(Items listed in a dataset)
-- -- --

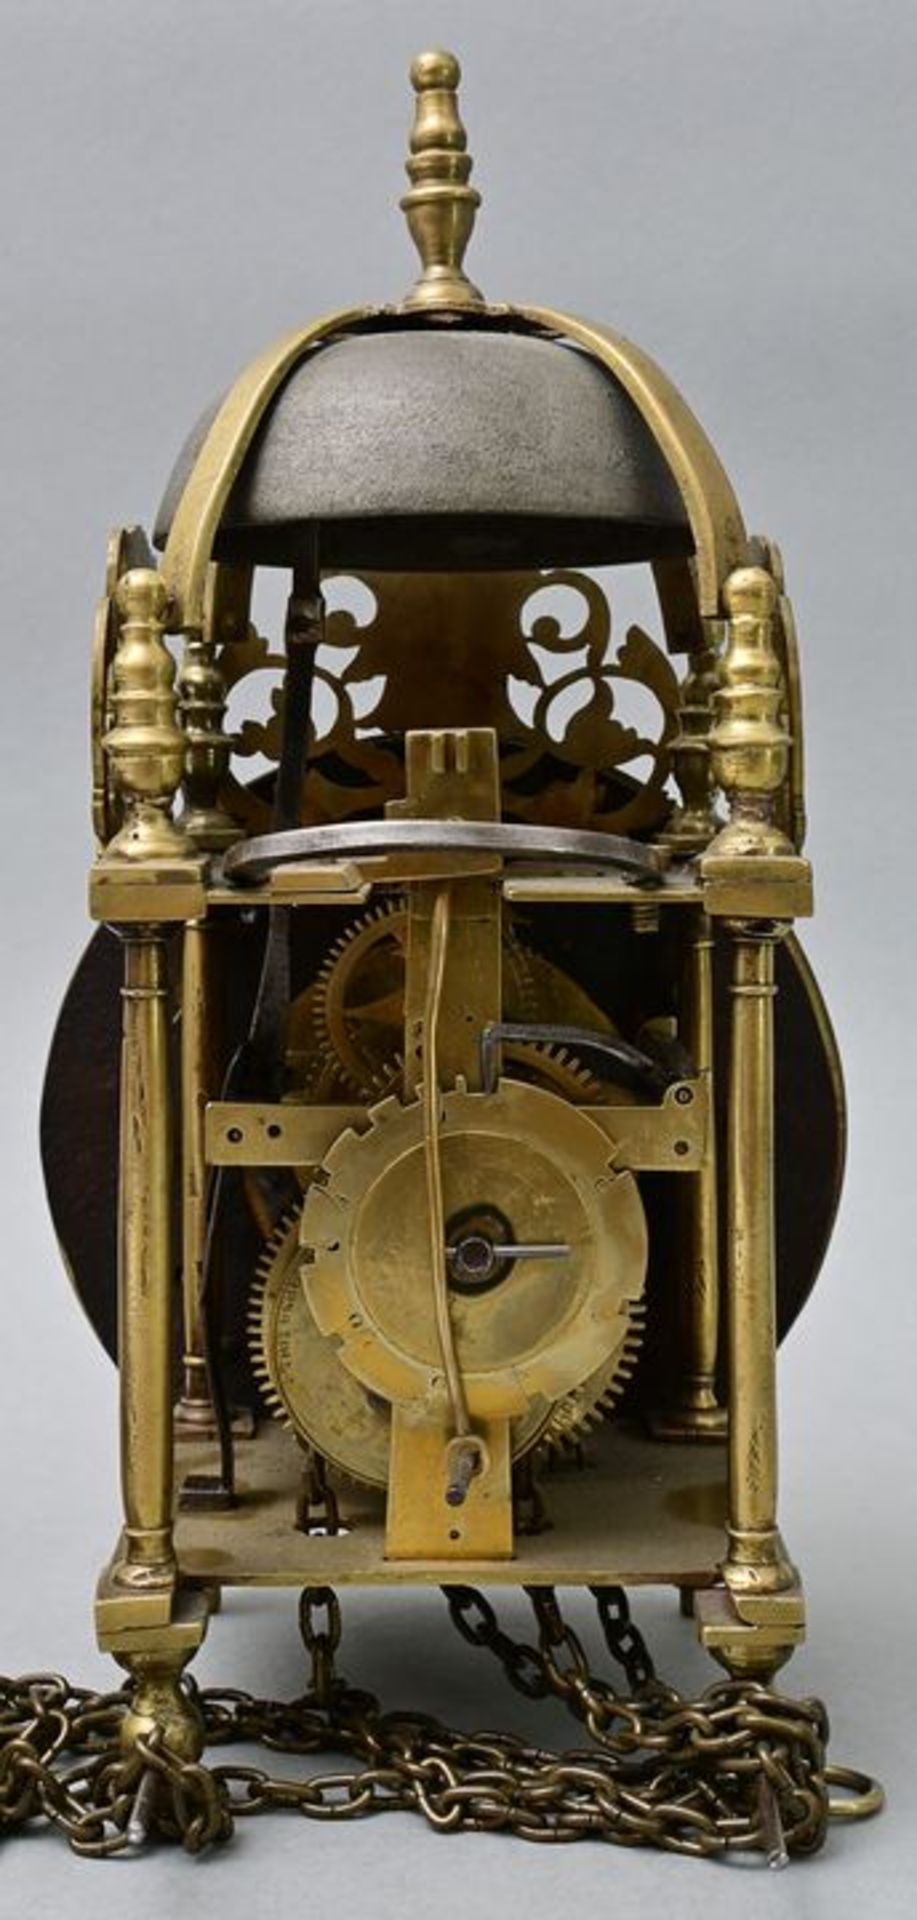 Laternenuhr/ lantern clock - Image 4 of 5
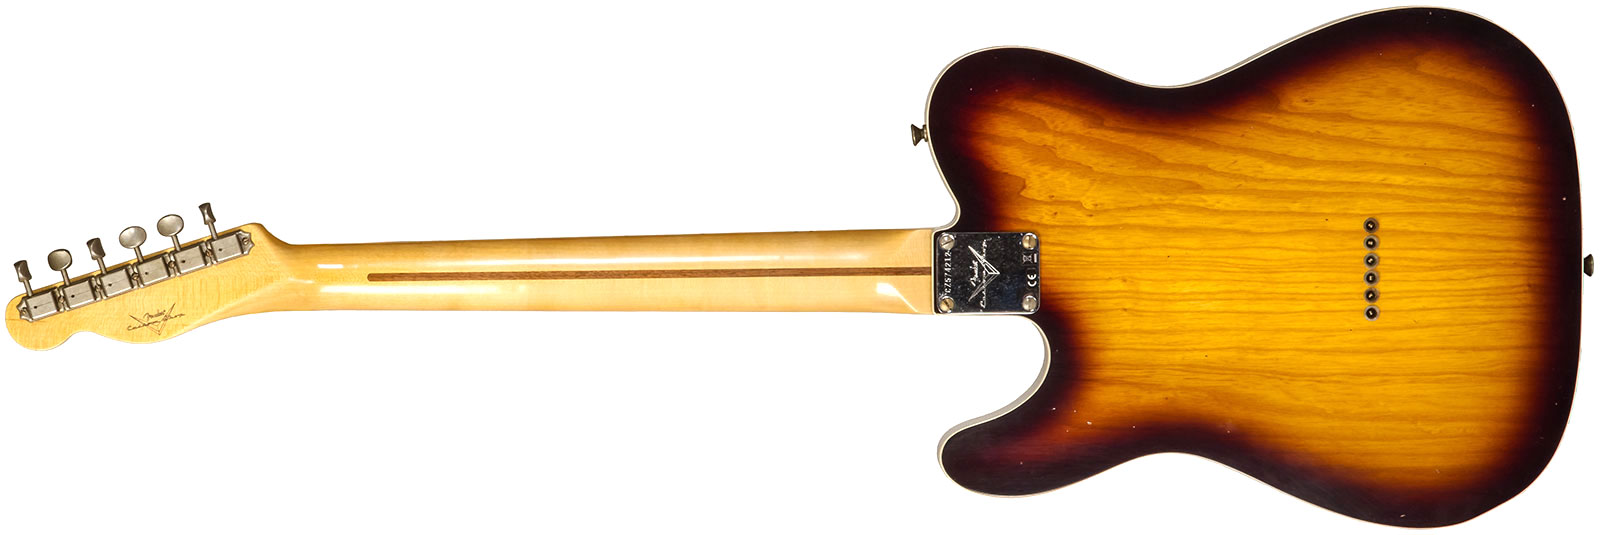 Fender Custom Shop Tele Thinline 50s Mn #cz574212 - Journeyman Relic Aged 2-color Sunburst - Televorm elektrische gitaar - Variation 2
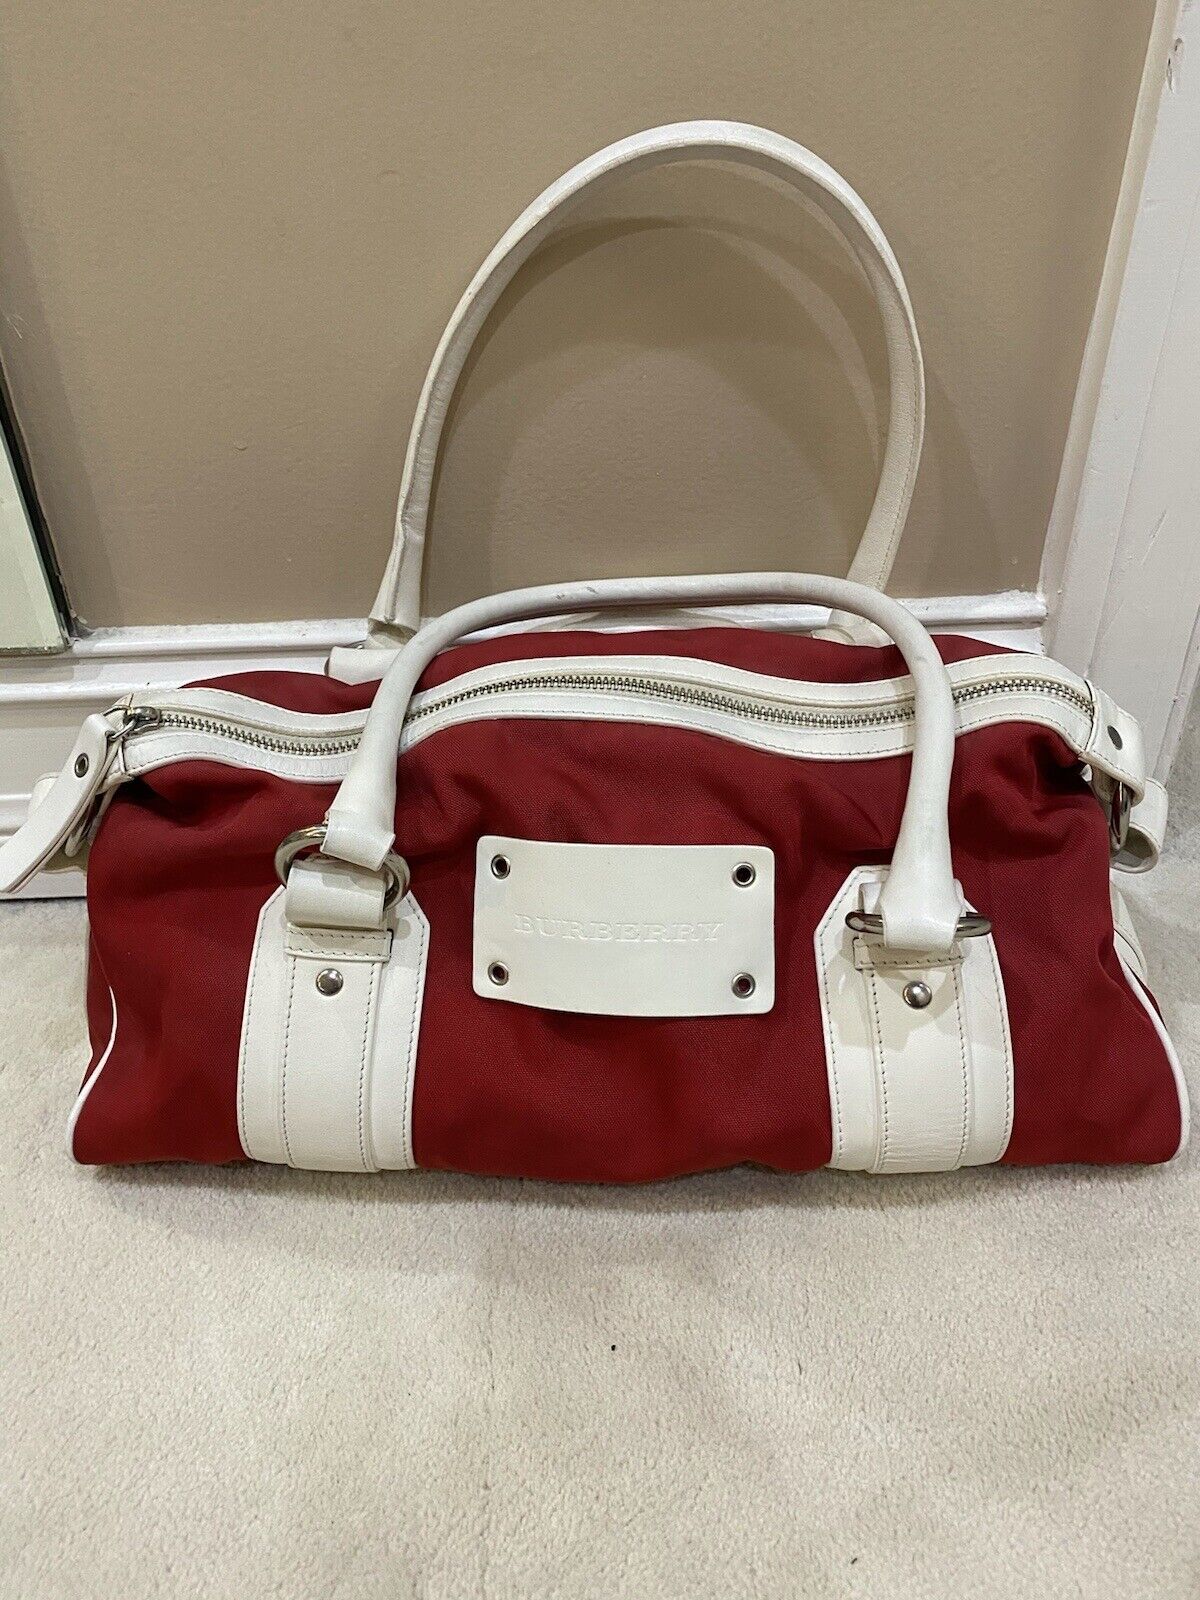 burberry handbags authentic used - image 1
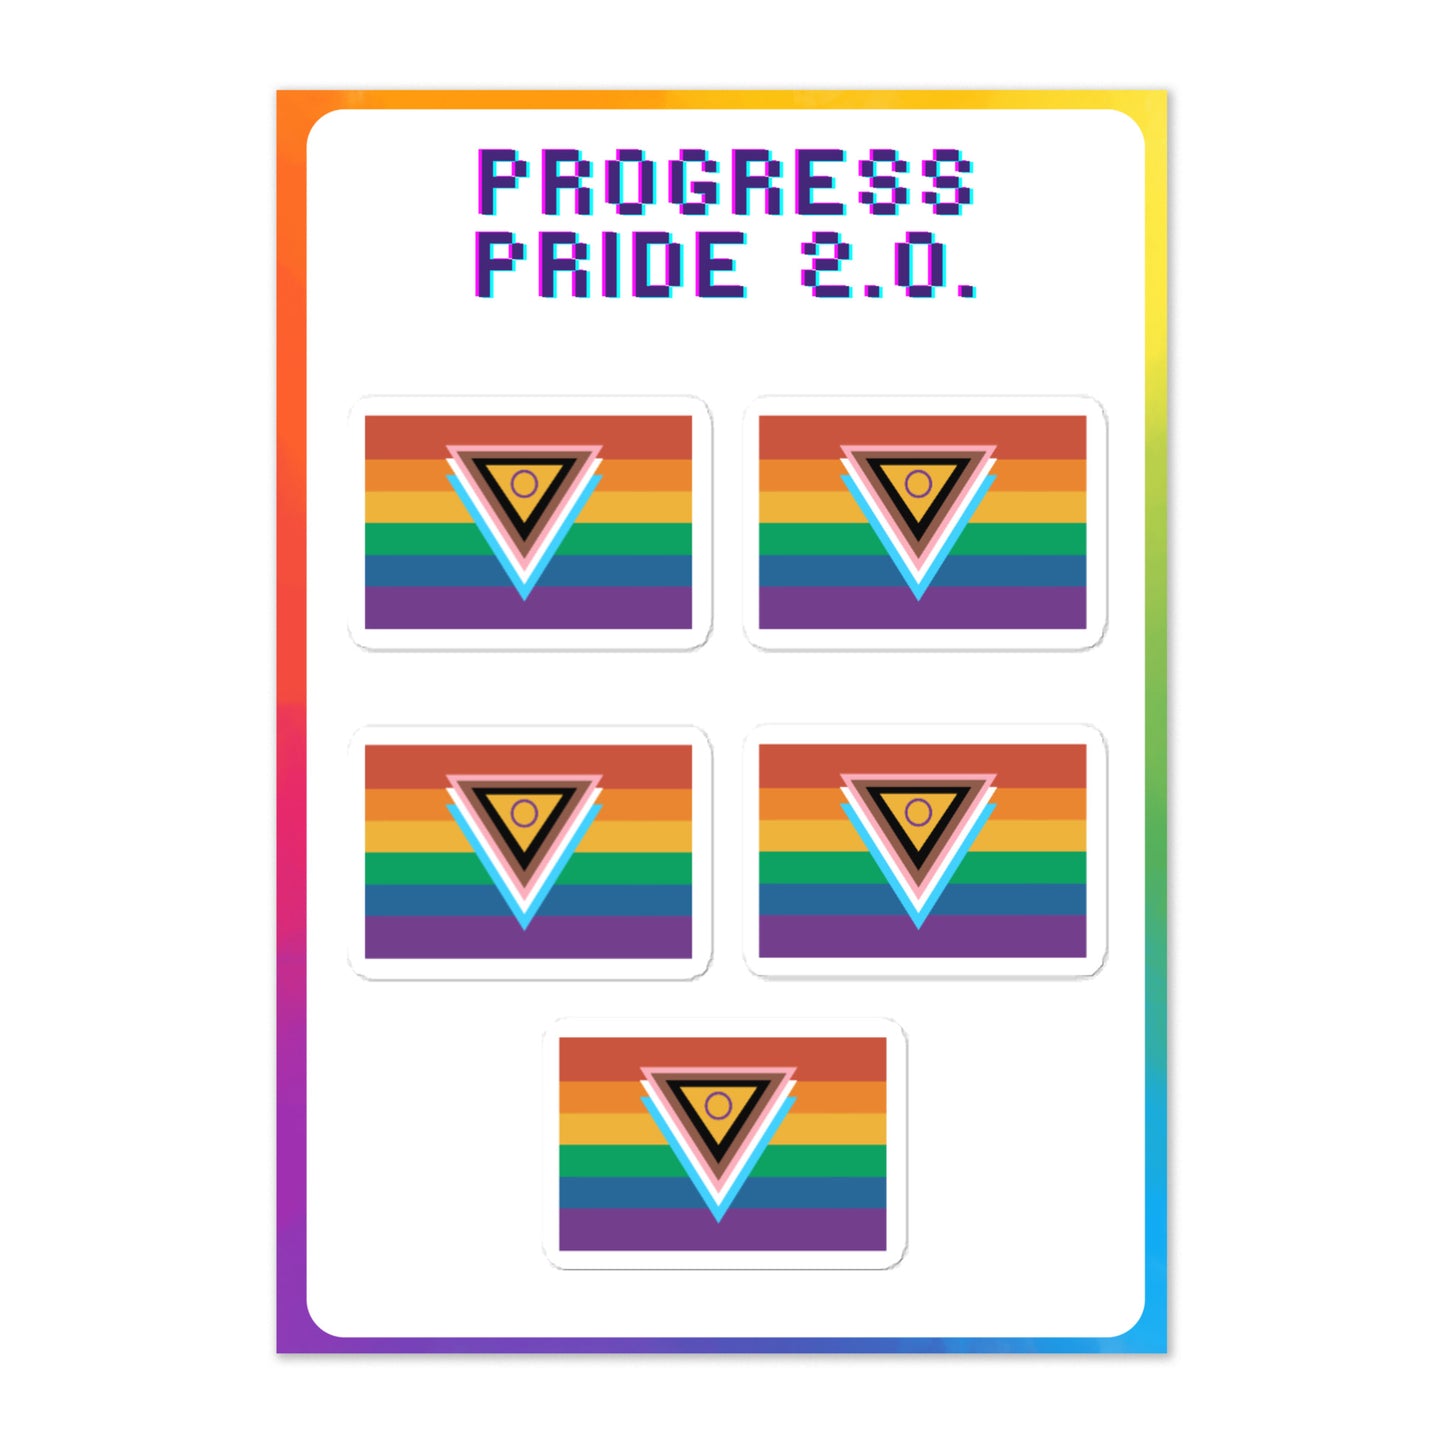 Progress Pride 2.0. Sticker sheet
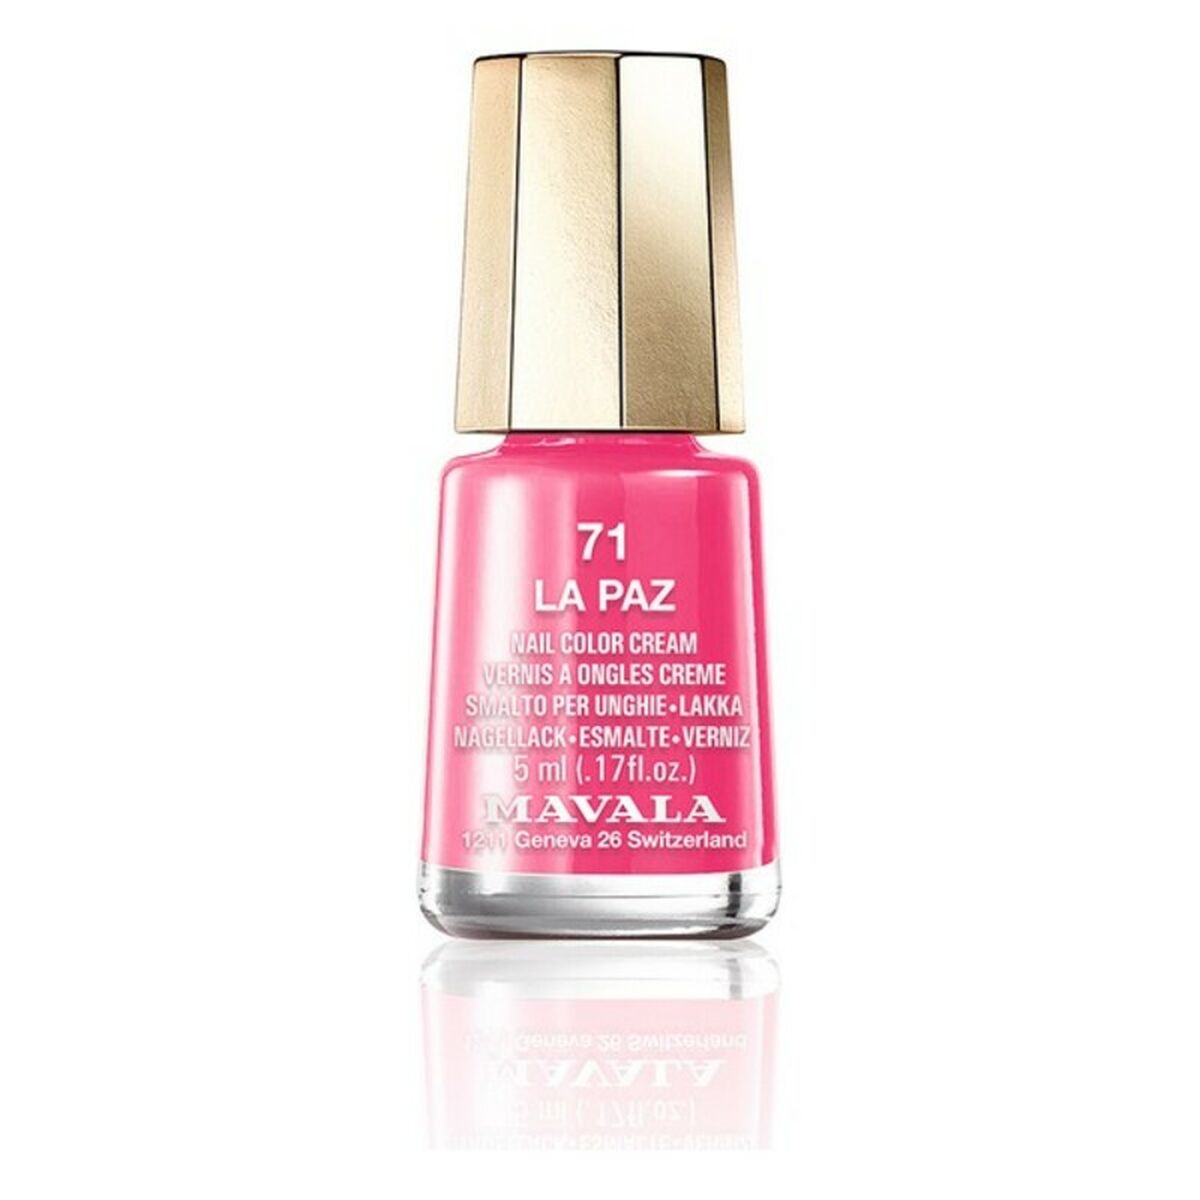 Nail polish Nail Color Cream Mavala 71-la paz (5 ml)

-- -- --

*Activity*. All of the records above are to be copied exactly, minus the pictures.

*Output of the exercise*.
 Laternenuhr/ lantern clock - Image 4 of 5
 Fender Custom Shop Tele Thinline 50s Mn #cz574212 - Journeyman Relic Aged 2-color Sunburst - Televorm elektrische gitaar - Variation 2
 burberry handbags authentic used - image 1
 Progress Pride 2.0. Sticker sheet
 Nail polish Nail Color Cream Mavala 71-la paz (5 ml)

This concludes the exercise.